The state postponed such a one-drop law for years. Virginian legislators adopted a one-drop law in 1924, forgetting that their state had many people of mixed ancestry among those who identified as white.
Early in the 20th century, South Carolina developed a thriving textile industry. The state also converted its agricultural base from cotton to more profitable crops; attracted large military bases through its powerful Democratic congressional delegation, part of the one-party South following disfranchisement of blacks at the turn of the century; and created tourism industries. During the early part of the 20th century, millions of African Americans left South Carolina and other southern states for jobs, opportunities and relative freedom in U.S. cities outside the former Confederate states. In total from 1910 to 1970, 6.5 million blacks left the South in the Great Migration. By 1930 South Carolina had a white majority for the first time since 1708.

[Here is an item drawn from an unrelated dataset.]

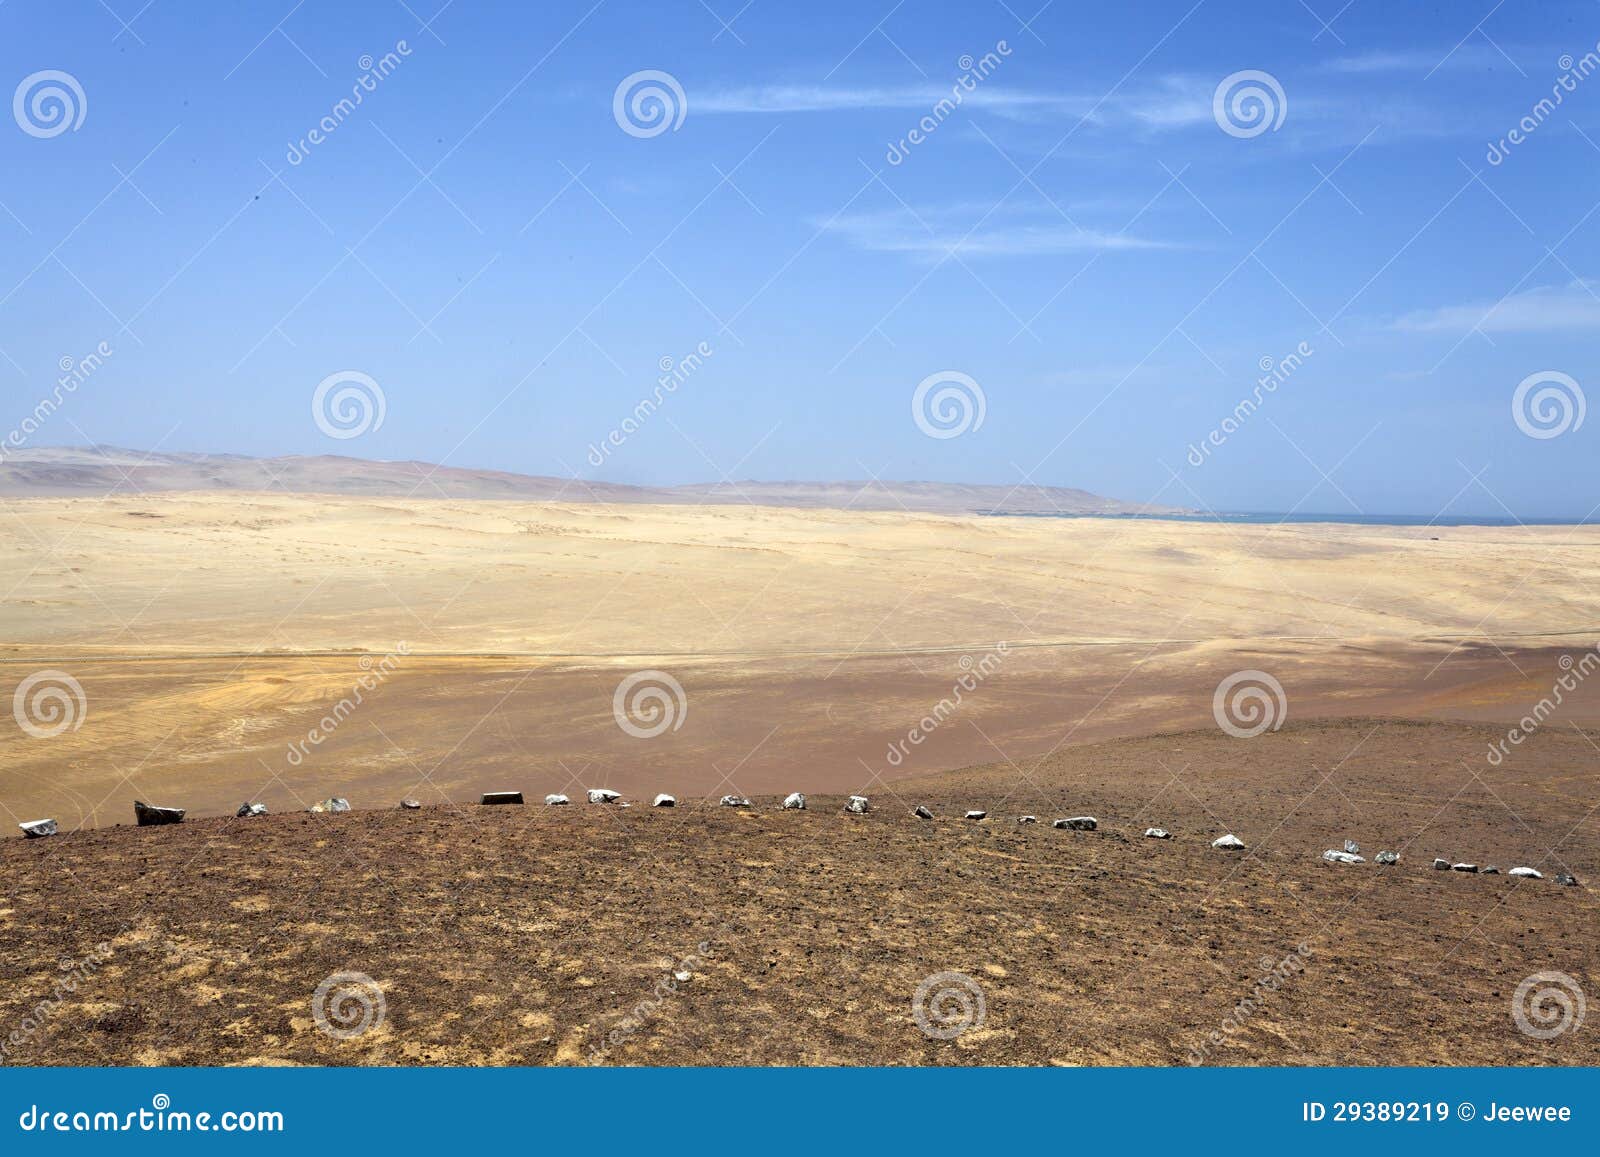 desert - reserva national de paracas national park in ica peru, south america

South Carolina was one of several states that initially rejected the Nineteenth Amendment (1920) giving women the right to vote. The South Carolina legislature later ratified the amendment on July 1, 1969.

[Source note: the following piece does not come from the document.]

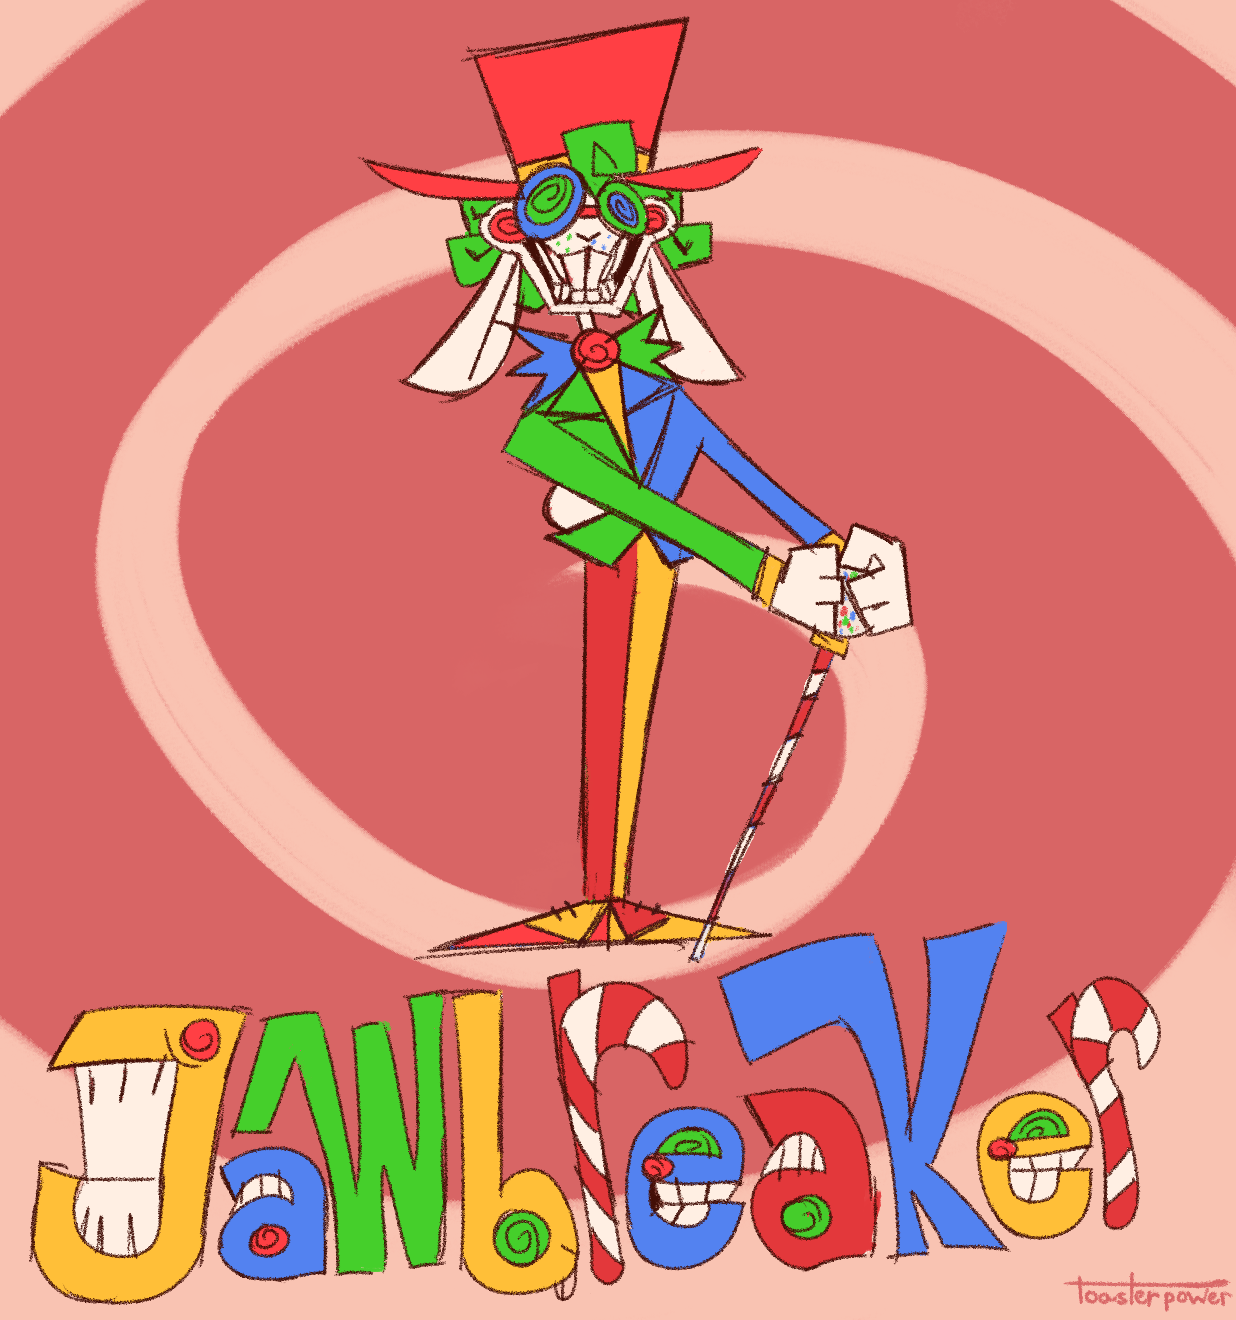 Jawbreaker [Withered Chica Fan Art] : r/fivenightsatfreddys

The struggle of the civil rights movement took place in South Carolina as they did in other Southern states. However, South Carolina experienced a much less violent movement than other Southern states.This tranquil transition from a Jim Crow society occurred because the state's white and black leaders were willing to accept slow change rather than being utterly unwilling to accept change at all. Other South Carolinians, like Sen. Strom Thurmond, on the other hand, were among the nation's most radical and effective opponents of social equality and integration.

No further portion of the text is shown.